-- Listed entries follows --
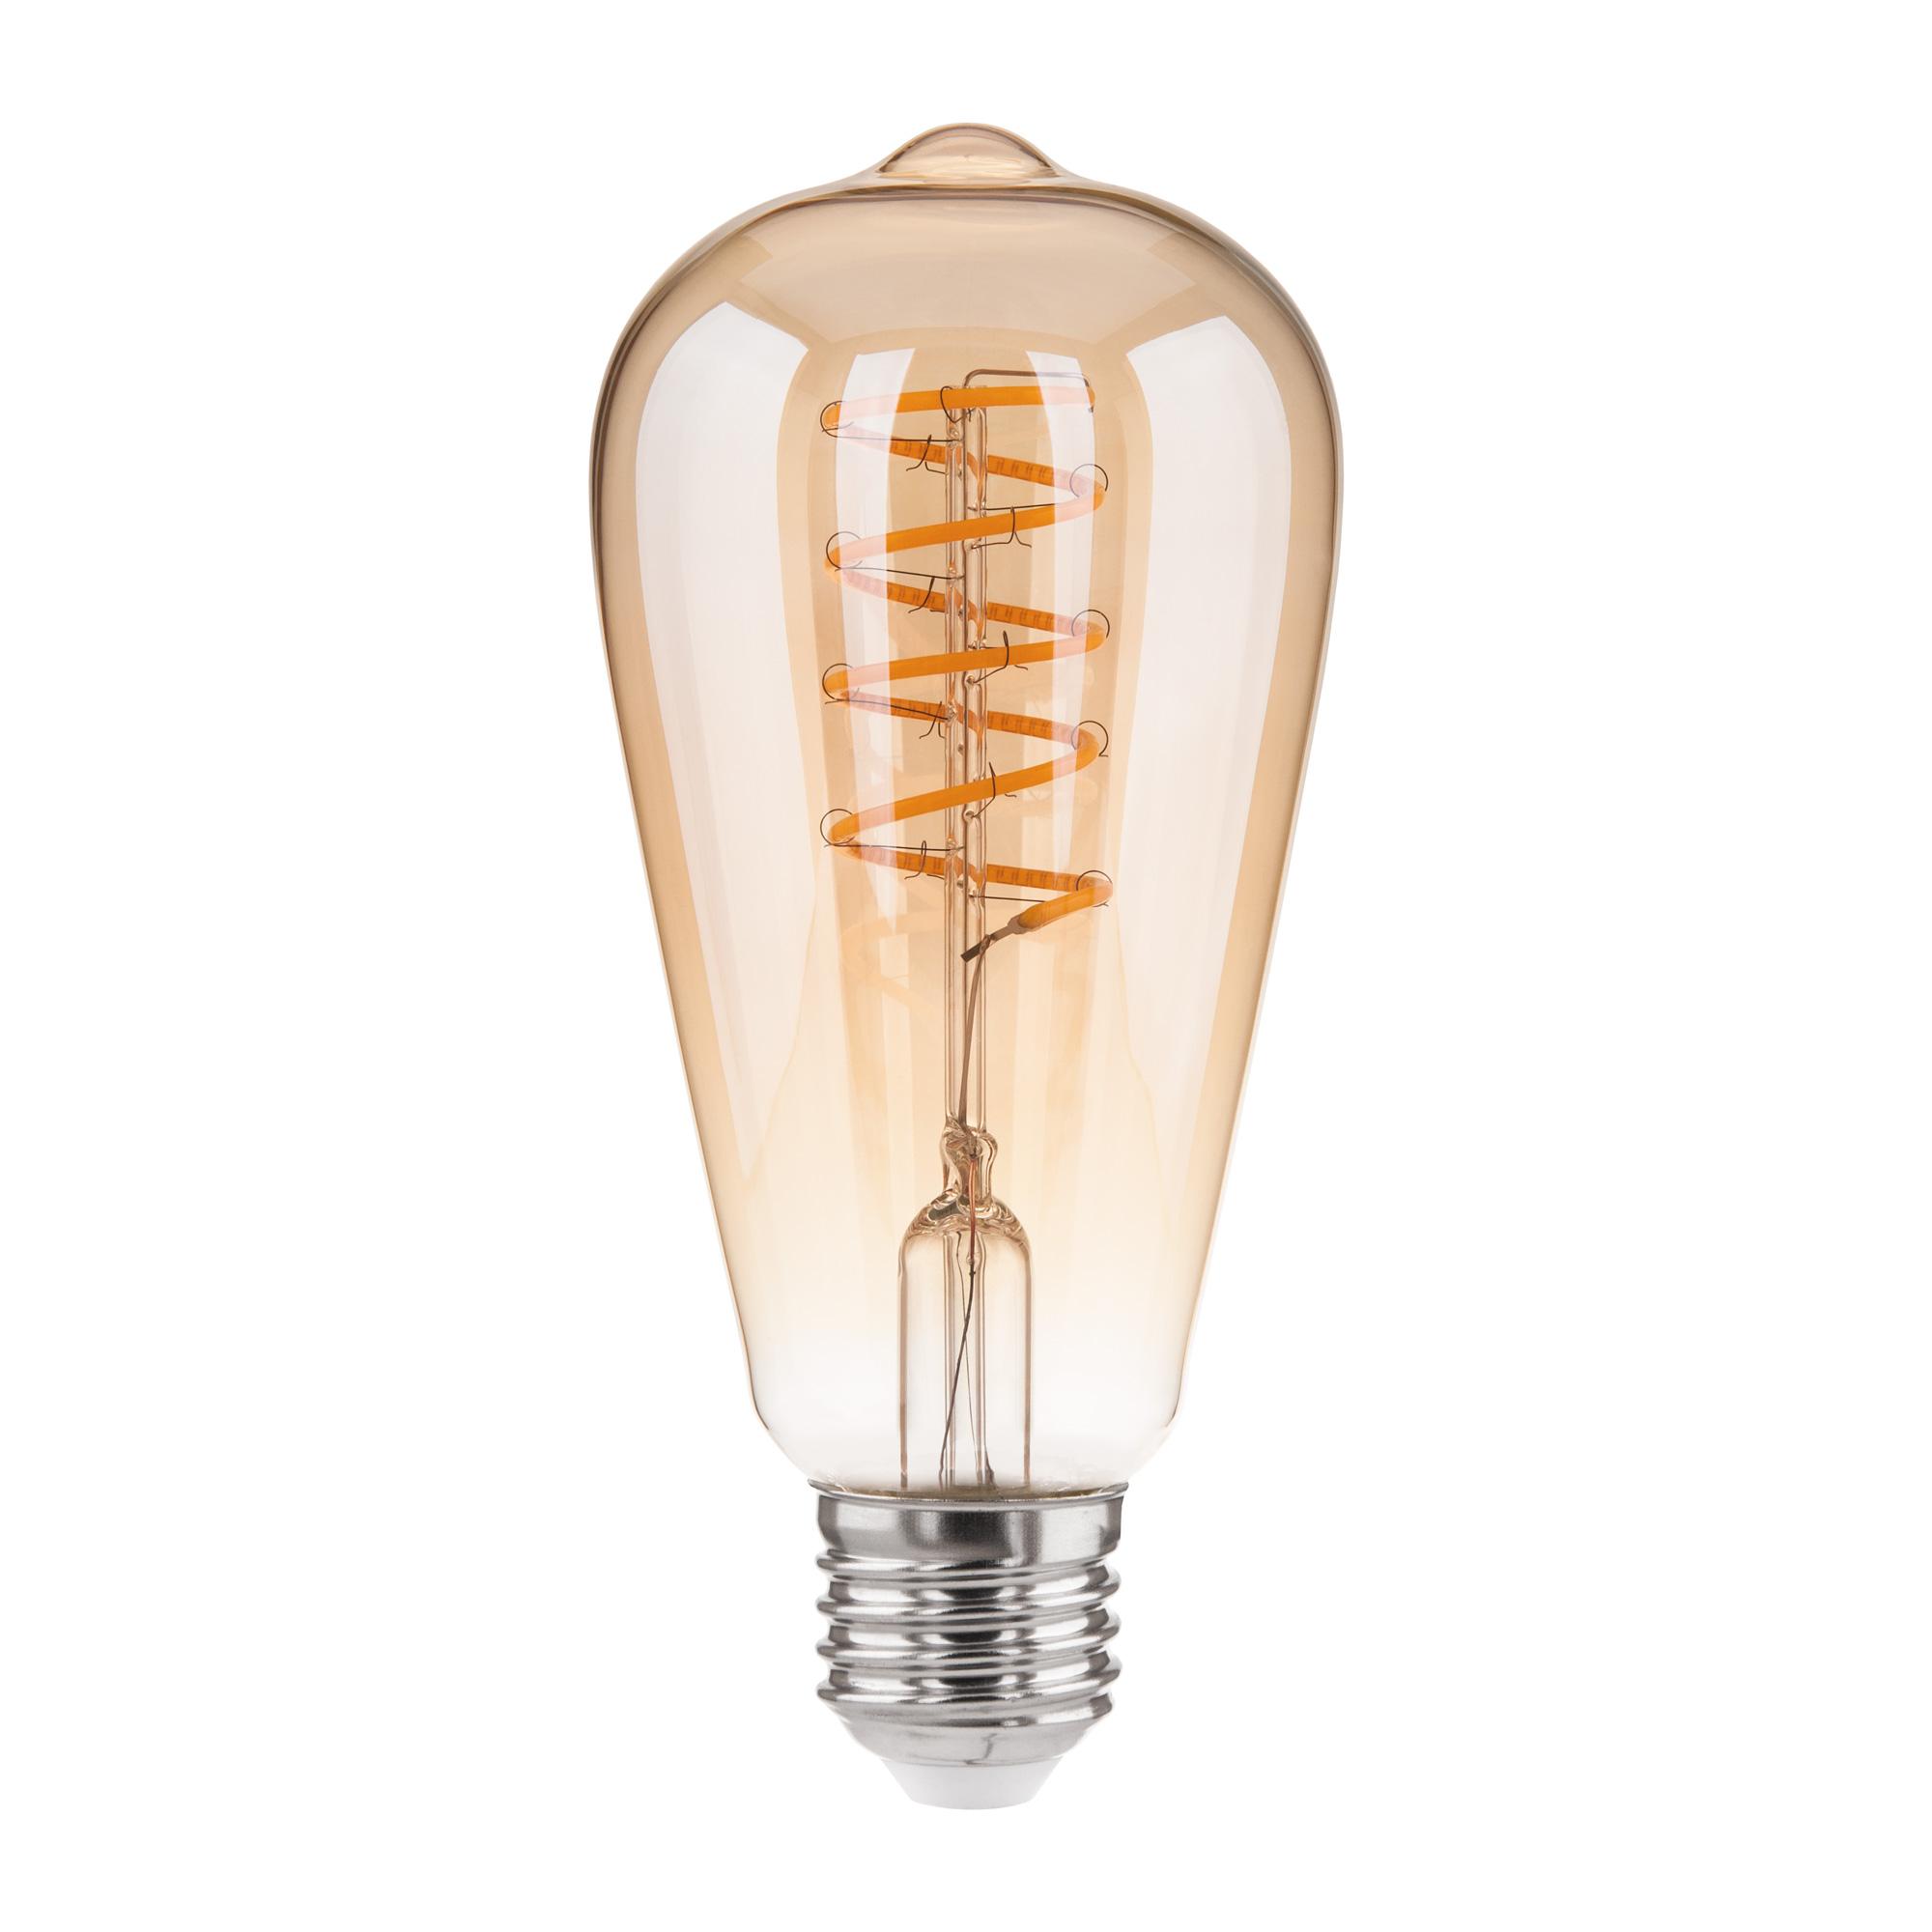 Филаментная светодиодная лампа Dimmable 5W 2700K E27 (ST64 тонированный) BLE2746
-- Listed entries concluded --
-- Listed entries follows --
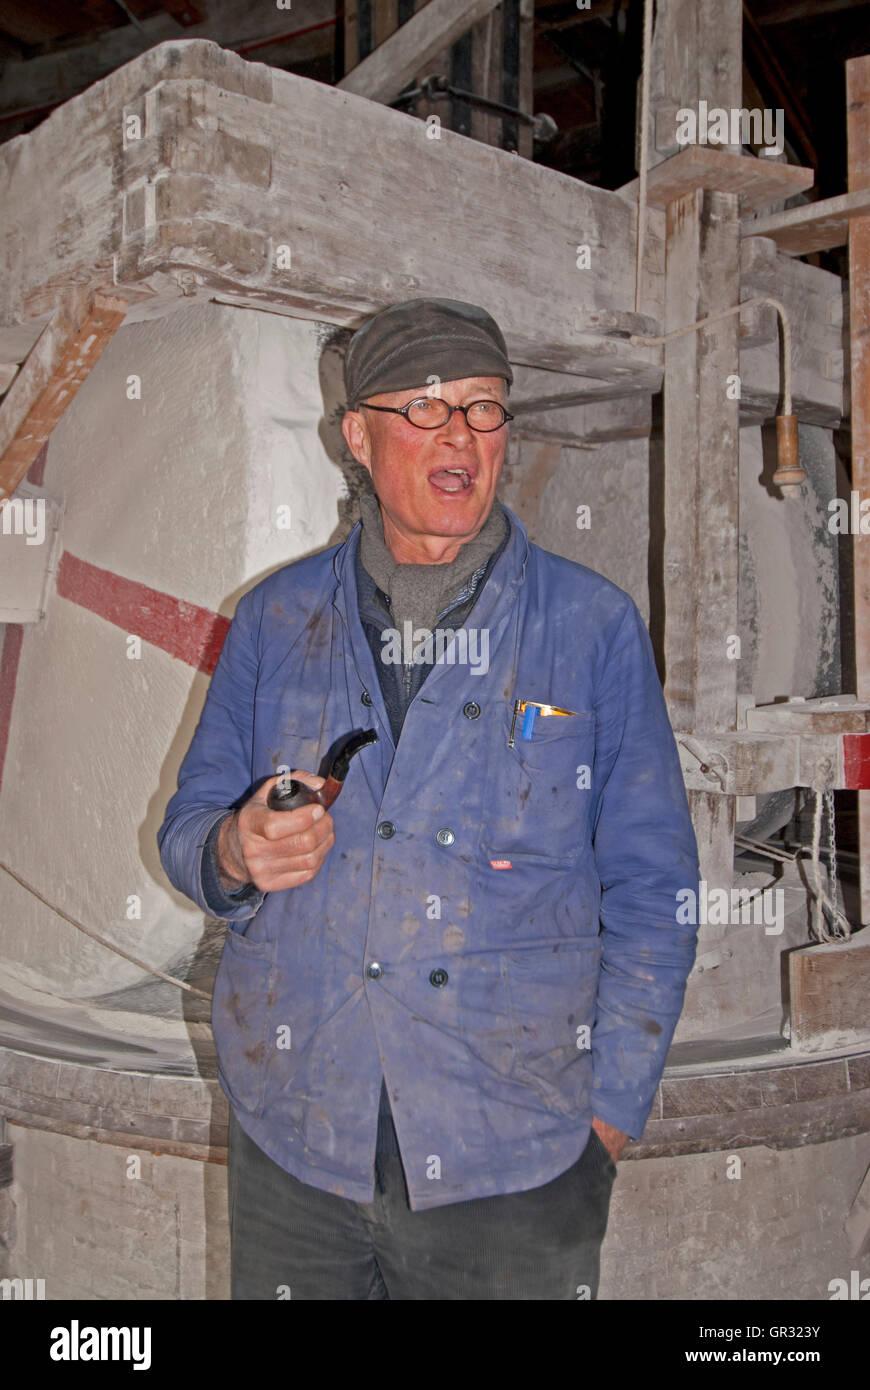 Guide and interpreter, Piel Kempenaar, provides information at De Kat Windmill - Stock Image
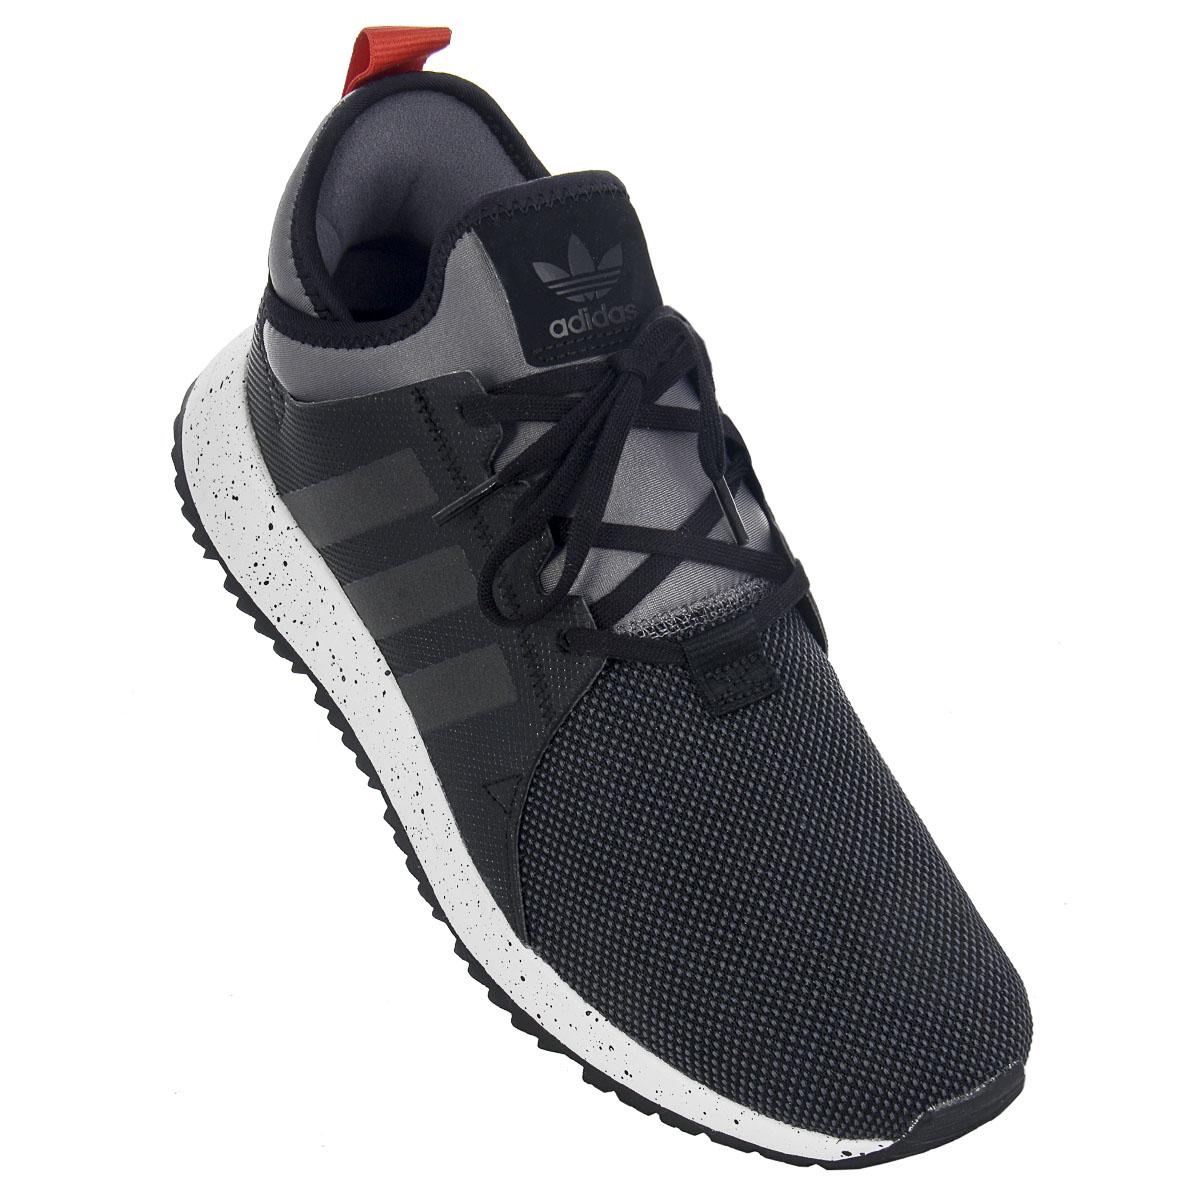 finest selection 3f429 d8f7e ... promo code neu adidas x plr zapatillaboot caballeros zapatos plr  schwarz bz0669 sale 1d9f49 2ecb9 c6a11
-- Listed entries concluded --
* [Work to complete]
Every line above in the stretch from the one with "Guide and interpreter, Piel" through the one with "finest selection 3f429" is to be transcribed exactly, ends included. No picture is copied.

* [Reply to the exercise]
 Guide and interpreter, Piel Kempenaar, provides information at De Kat Windmill - Stock Image
 finest selection 3f429 d8f7e ... promo code neu adidas x plr zapatillaboot caballeros zapatos plr  schwarz bz0669 sale 1d9f49 2ecb9 c6a11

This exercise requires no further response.